# Ultra-Fin plates



## Ncountry (Jan 15, 2011)

I am thinking of using ultra-fin plates ( www.pexsupply.com/Ultra-Fin-Radiant-Panel-System-1617000 )on a project. Anybody have any experience with these?


----------



## bigburner (Jan 15, 2011)

Here's my two cents - done it every way possible -in the 70s we used PVC and in the 80's we used polyebulylene, then Wirsbo because that's all there was and now B PEX seams to the tube of choice. If you are warming floors one run of 1/2 tube down the bay with reflective bubble wrap and if you are heating with it, run two down the joist space. Just get it in the space- we usually nail it on the side of the joist,TGI etc. I don't use emission plates they can be noisy, hard to install and costly. Just tubing -300 ft or less and bubble foil, witch can be left exposed if desired, it meets the astm 84 requirement for flame spread and smoke index. IMO


----------



## Ncountry (Jan 15, 2011)

I was planning on stapling up pex 8" on center, but started to think about using these plates to avoid nails sticking through the subfloor .


----------



## barnartist (Jan 16, 2011)

I hope they are not noisy I have some to install. My plan is to use these for the heavier carpeted rooms.

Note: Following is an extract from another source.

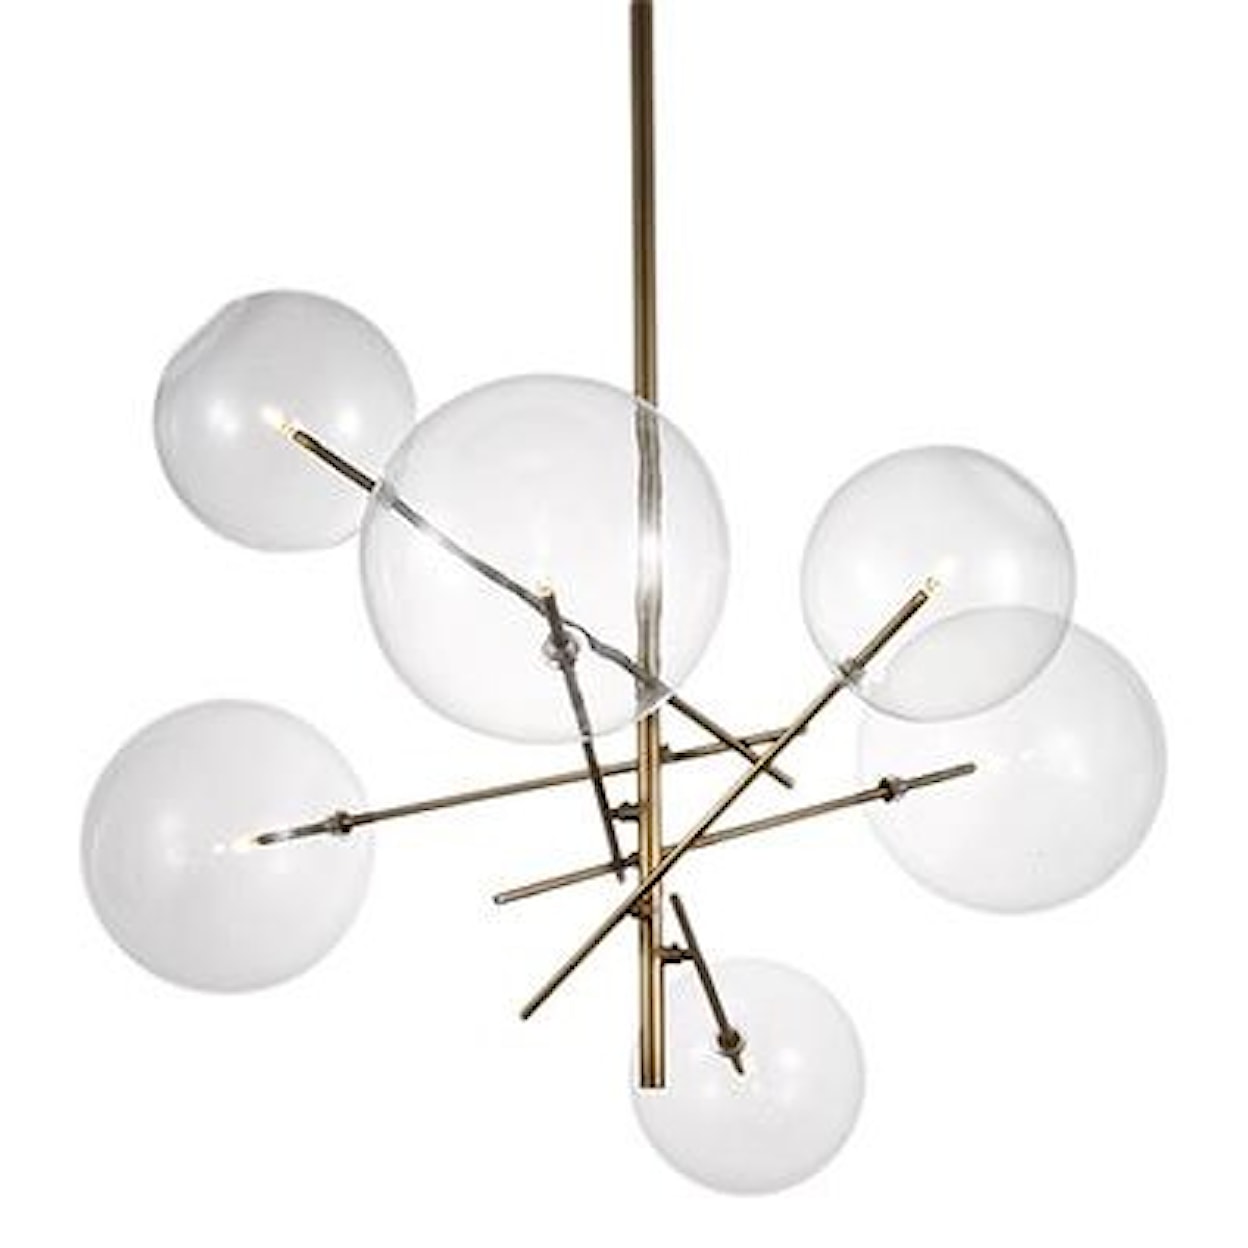 Dovetail Furniture Lamps and Lighting Leona Pendant Light
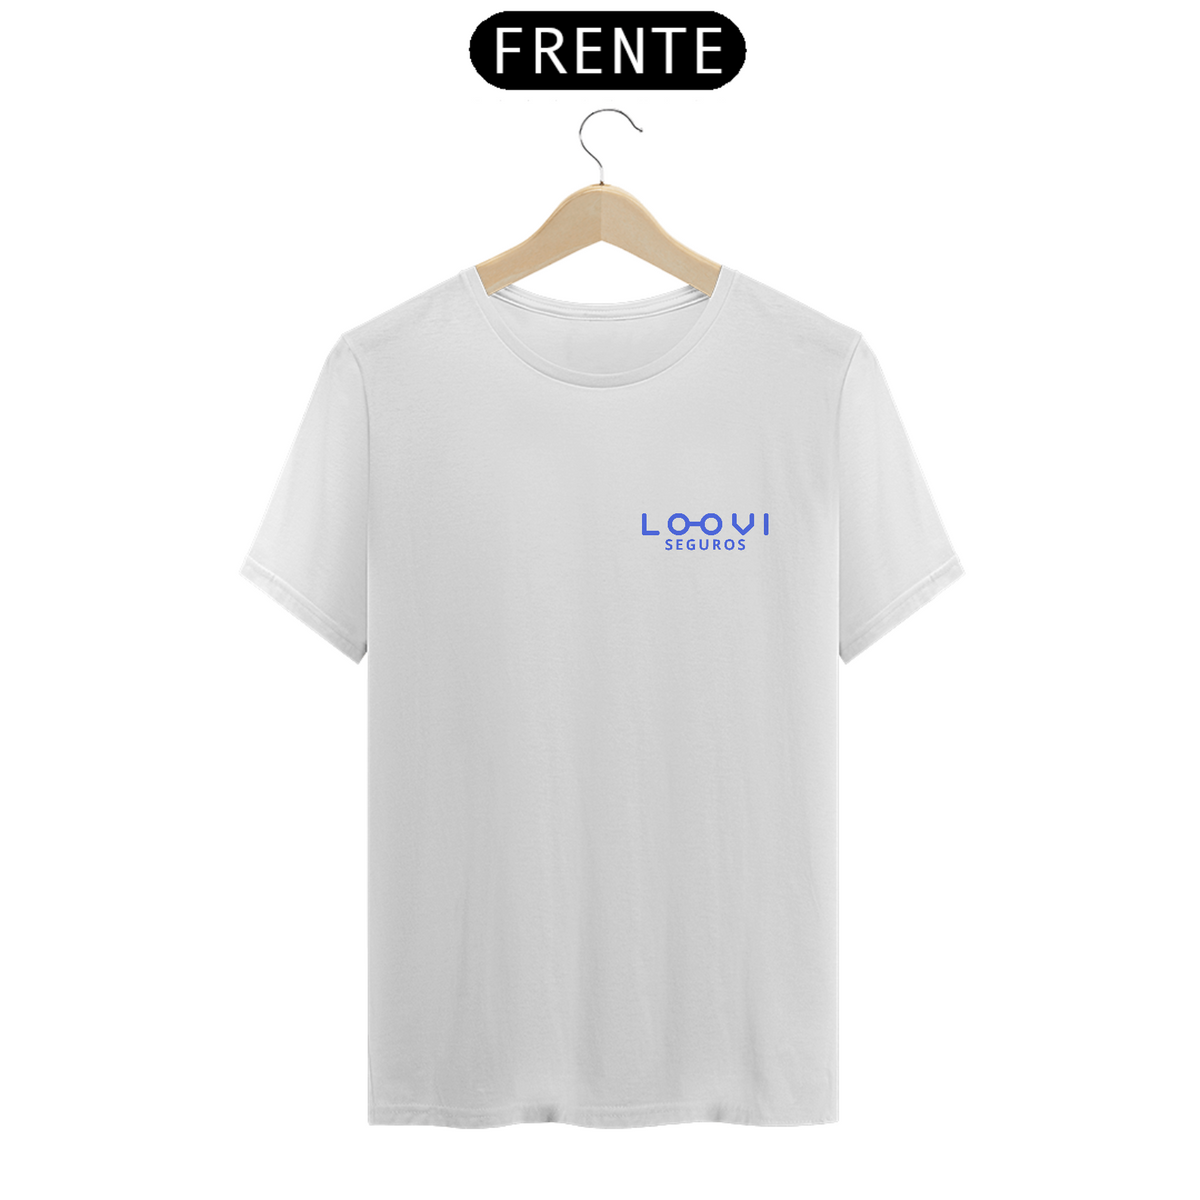 Nome do produto: Camiseta Loovi - Branca SMP

I should have them in and running in a week, so hopefully I will have something to report.


----------



## Rick Stanley (Jan 16, 2011)

bigburner said:
			
		

> Here's my two cents - done it every way possible -in the 70s we used PVC and in the 80's we used polyebulylene, then Wirsbo because that's all there was and now B PEX seams to the tube of choice. If you are warming floors one run of 1/2 tube down the bay with reflective bubble wrap and if you are heating with it, run two down the joist space. Just get it in the space- we usually nail it on the side of the joist,TGI etc. I don't use emission plates they can be noisy, hard to install and costly. Just tubing -300 ft or less and bubble foil, witch can be left exposed if desired, it meets the astm 84 requirement for flame spread and smoke index. IMO



Just a side question: Would this tube and bubblefoil approach work well for HEATING WITH LOW TEMP WATER (like 100-120 degrees) under 2-1/2'' wood floors? I'm thinking probably not.
Thanks!!


----------



## bigburner (Jan 16, 2011)

The system I described has been used on new and old construction. There is no clear cut answer your question. The floor is only one component of the whole energy system. If you got an uninsulated drafty house, won't work so good! If you had 2.5 inch floors and wanted to have this as your sole means of heating with low water temps, it would be a big stretch. If you want to complement with a another source of heat, ya it will give you warm floors. Thinking  back in the residential market we have never ever only done one source of heat, meaning some radiant floor,panel heaters, Water to air HX and usually with A/C. I don't make money from selling whiz bang products we make it by having the experience of getting a comfortable home based on a primary heat source and a secondary heat source usually set up as a second stage for the extreme cold days with high winds, those are the times when low mass radiant systems fall on there face.


----------



## Rick Stanley (Jan 16, 2011)

bigburner said:
			
		

> The system I described has been used on new and old construction. There is no clear cut answer your question. The floor is only one component of the whole energy system. If you got an uninsulated drafty house, won't work so good! If you had 2.5 inch floors and wanted to have this as your sole means of heating with low water temps, it would be a big stretch. If you want to complement with a another source of heat, ya it will give you warm floors. Thinking  back in the residential market we have never ever only done one source of heat, meaning some radiant floor,panel heaters, Water to air HX and usually with A/C. I don't make money from selling whiz bang products we make it by having the experience of getting a comfortable home based on a primary heat source and a secondary heat source usually set up as a second stage for the extreme cold days with high winds, those are the times when low mass radiant systems fall on there face.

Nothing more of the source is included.